Why I obtained different results than you and other in the GridSearchCV?

echidne · 20 June 2021 14:05

Hi,
when i take a look to results shown by others and your solution I see I obtained differents results but I do not know why.
My results :
result gridsearchcv wrapu quizz module 3

You say

Models with any preprocessor and n_neighbors=101 are in the range 0.80 to 0.88.
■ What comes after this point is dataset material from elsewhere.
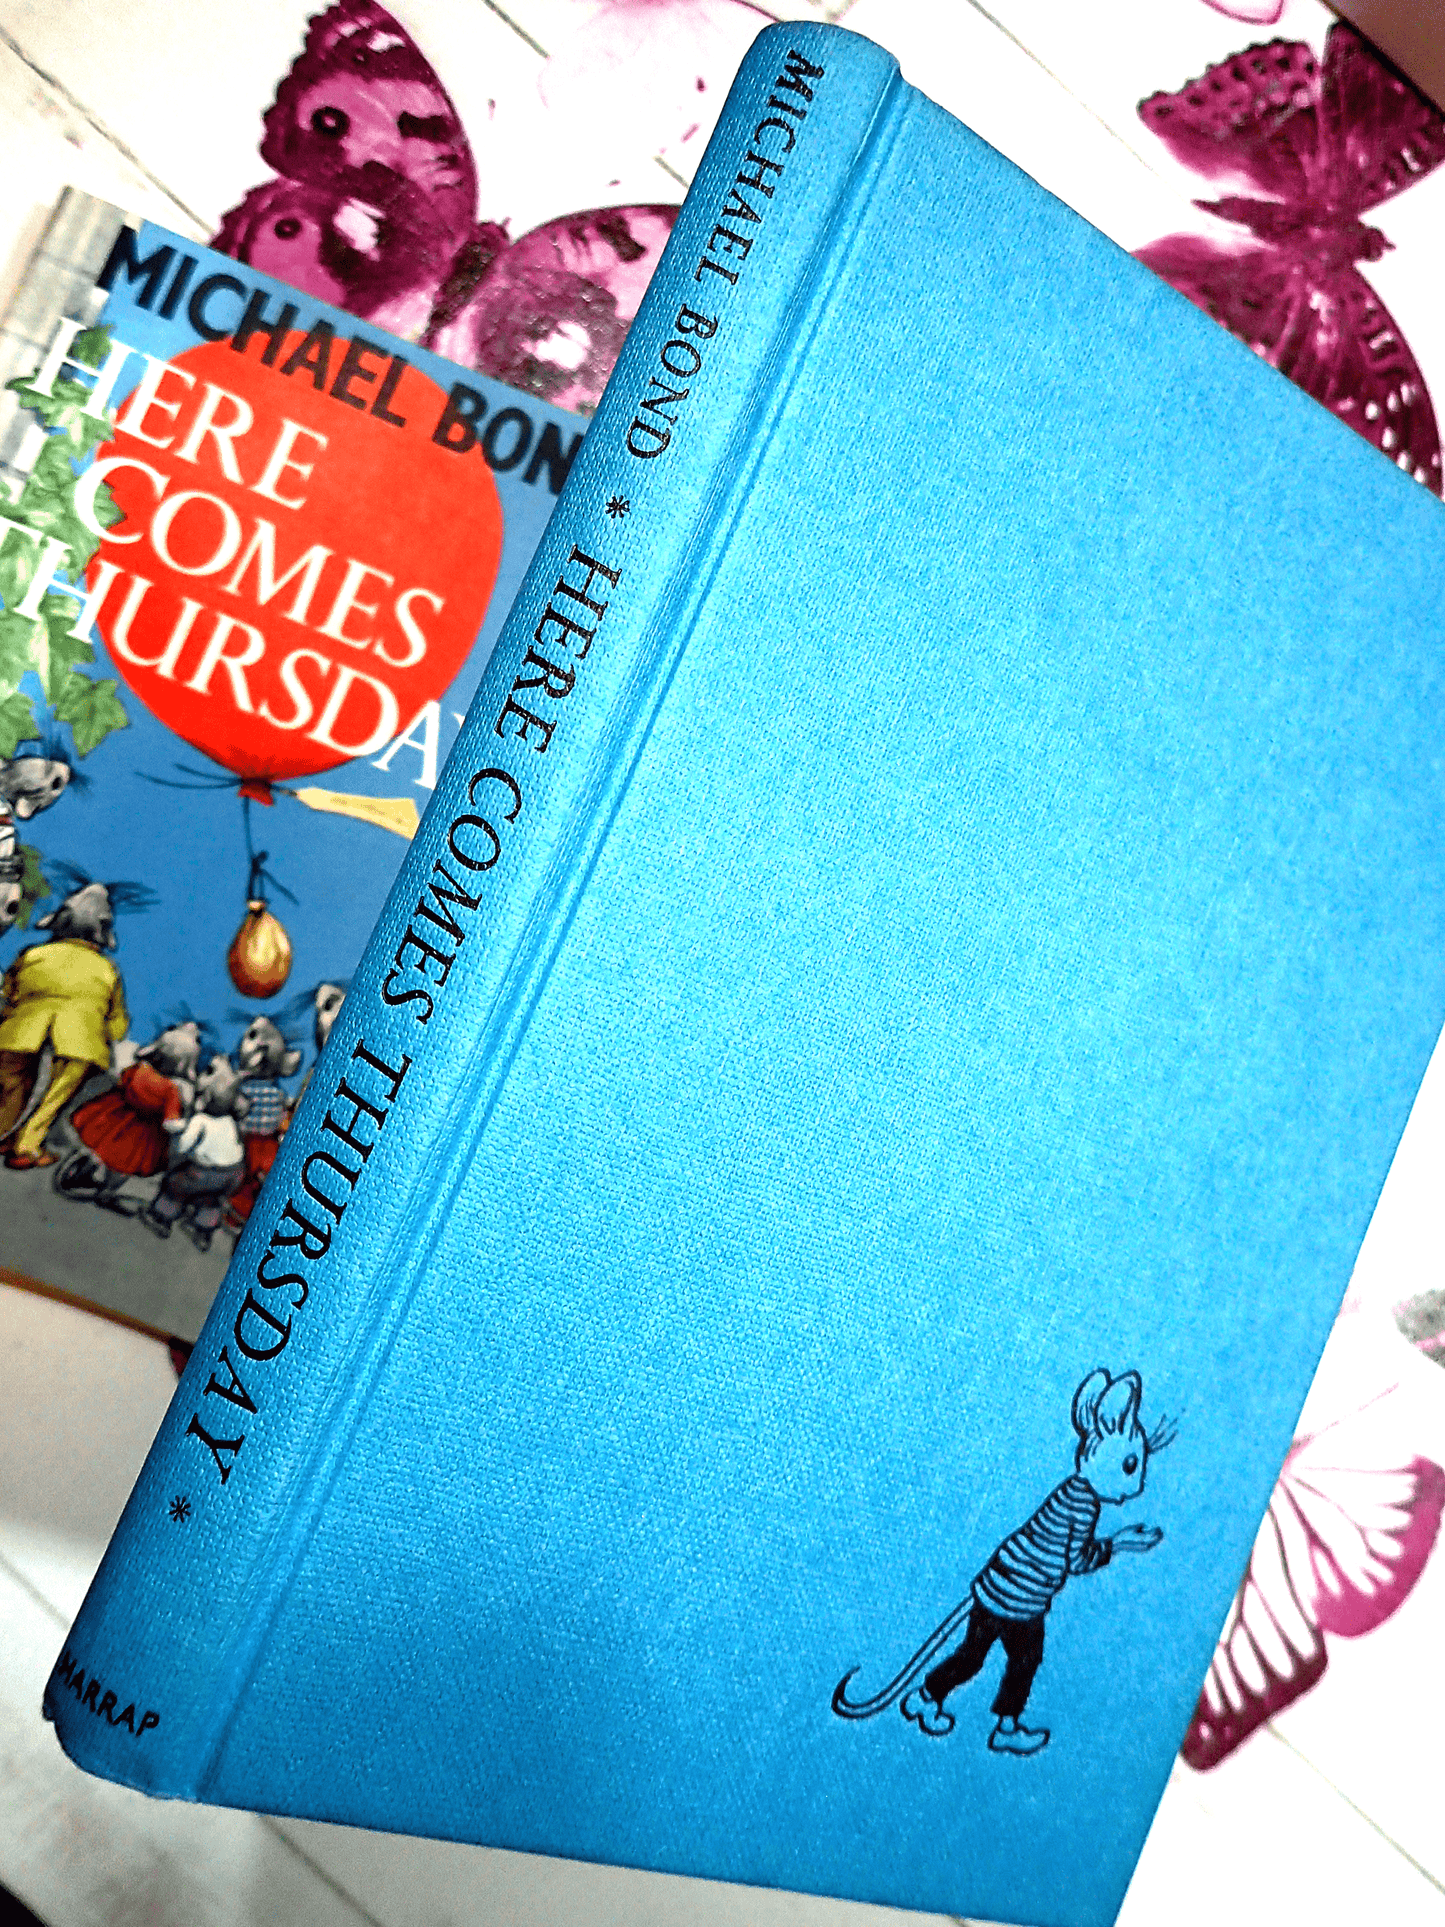 Here Comes Thursday Michael Bond Vintage Children's Book First Edition 1970's with blue boards and embossed image of a mouse in a sweater.

but as you can see on my table me I have scores ranged from 0.87 to 0.91.

My code :

from sklearn.preprocessing import MinMaxScaler
from sklearn.preprocessing import QuantileTransformer
from sklearn.preprocessing import PowerTransformer


all_preprocessors = [
    None,
    StandardScaler(),
    MinMaxScaler(),
    QuantileTransformer(n_quantiles=100),
    PowerTransformer(method="box-cox"),
]

from sklearn.model_selection import GridSearchCV
param_grid ={"preprocessor": all_preprocessors, "classifier__n_neighbors": [5, 51, 101]}
search = GridSearchCV(model, param_grid, cv = 10)
search.fit(data, target)

output :

GridSearchCV(cv=10,
             estimator=Pipeline(steps=[('preprocessor', None),
                                       ('classifier', KNeighborsClassifier())]),
             param_grid={'classifier__n_neighbors': [5, 51, 101],
                         'preprocessor': [None, StandardScaler(),
                                          MinMaxScaler(),
                                          QuantileTransformer(n_quantiles=100),
                                          PowerTransformer(method='box-cox')]})

to see the table :

pd.DataFrame(search.cv_results_)[["param_classifier__n_neighbors", "param_preprocessor", "mean_test_score", "std_test_score", "rank_test_score"]].sort_values('rank_test_score')

ThomasLoock · 20 June 2021 14:33

Hi,
in Question 3 the task is given as

Use sklearn.model_selection.GridSearchCV to study the impact of the choice of the preprocessor and the number of neighbors on the 10-fold cross-validated balanced_accuracy metric.

This parameter is missing in your code. It should be:

search = GridSearchCV(model, param_grid=param_grid,
                          scoring="balanced_accuracy",
                          cv = 10)

echidne · 20 June 2021 17:42

Indeed I forgot to reproduce the metric in the GridSearchCV.
Thanks @ThomasLoock